The issue was partially resolved after a recovery instance was launched and fully resolved once the original instance finally rebooted with the upgraded version of PostgreSQL 15, which introduced improved behavior for uniqueness constraints, and rebooting into a correct configuration.
🔍 Root Cause
The incident resulted from the interaction of four compounding factors:
- 🛠️ Faulty Uniqueness Constraint
A uniqueness constraint introduced in a patch two weeks prior was logically flawed. It applied to records where certain fields could be NULL, unintentionally treating semantically distinct records as duplicates. This created contention across what should have been disjoint records.
- 🧪 High-Volume Inserts from Simulation Feature
The strategy recommendation infos feature—designed to model simulated pricing scenarios as well —generated a growing number of insert operations on a daily basis. These inserts included large JSONB columns, making each insert expensive in terms of memory, WAL writes, and index maintenance. This behavior was not visible during initial testing, as the data volume scaled non-linearly in production over time.

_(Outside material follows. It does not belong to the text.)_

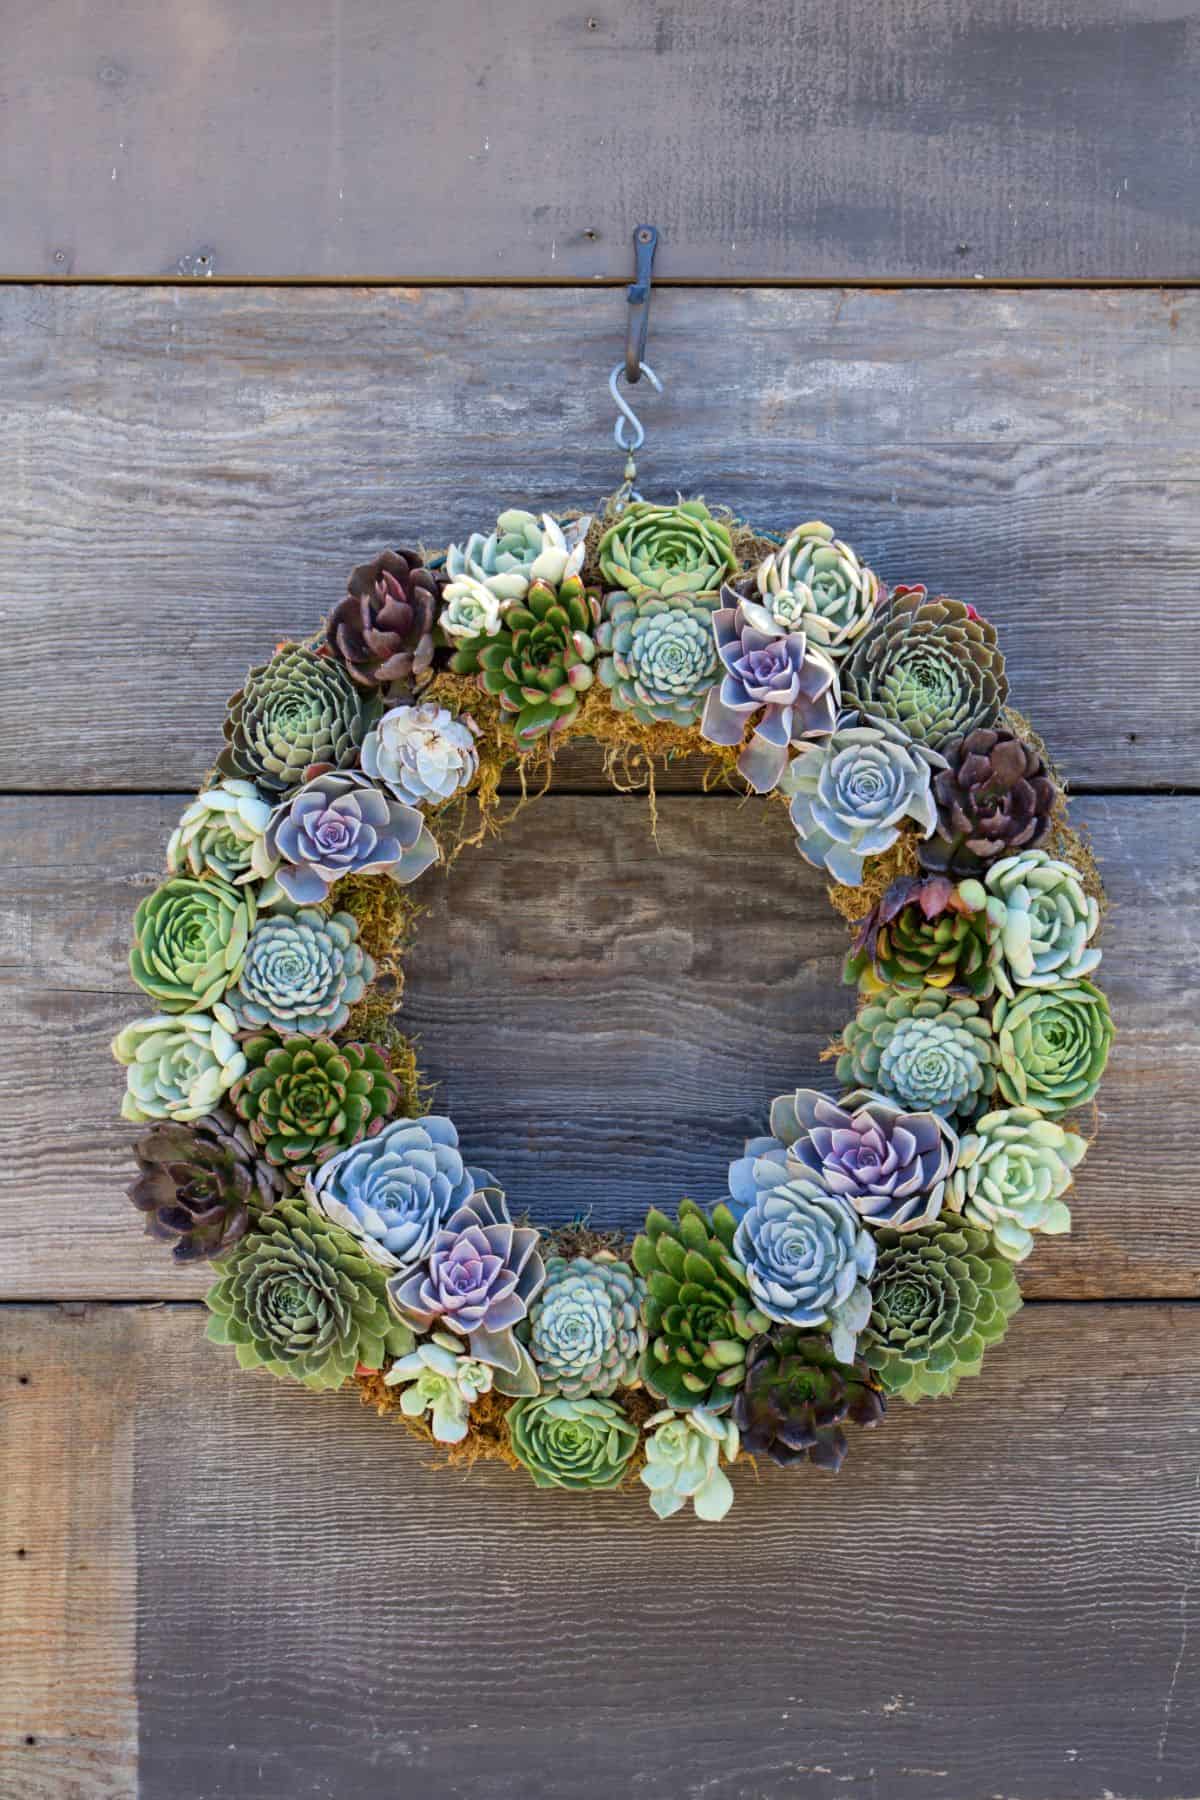 Succulent wreath on the wooden table.

- 🔁 Gradual System Degradation
Because the volume of inserted data increased progressively, the inefficiencies weren’t immediately visible. Over time, locking behavior and LWLock:Bufferevent waits accumulated until the database hit 100% CPU and I/O, blocking further transactions.
- ⏱️ Extended Recovery Time
During the recovery process, Pricemoov Engineering attempted to provision a recovery instance based on a recent snapshot. However, the desired AWS instance class was unavailable at the time, causing a significant delay. A process that typically completes within 35 minutes extended to over 3 hours, from 14:21 to 17:43 CEST.
🧨 Timeline of Events
✅ Resolution
- 🆙 Upgraded PostgreSQL to version 15, enabling correct handling of uniqueness constraints with nullable fields.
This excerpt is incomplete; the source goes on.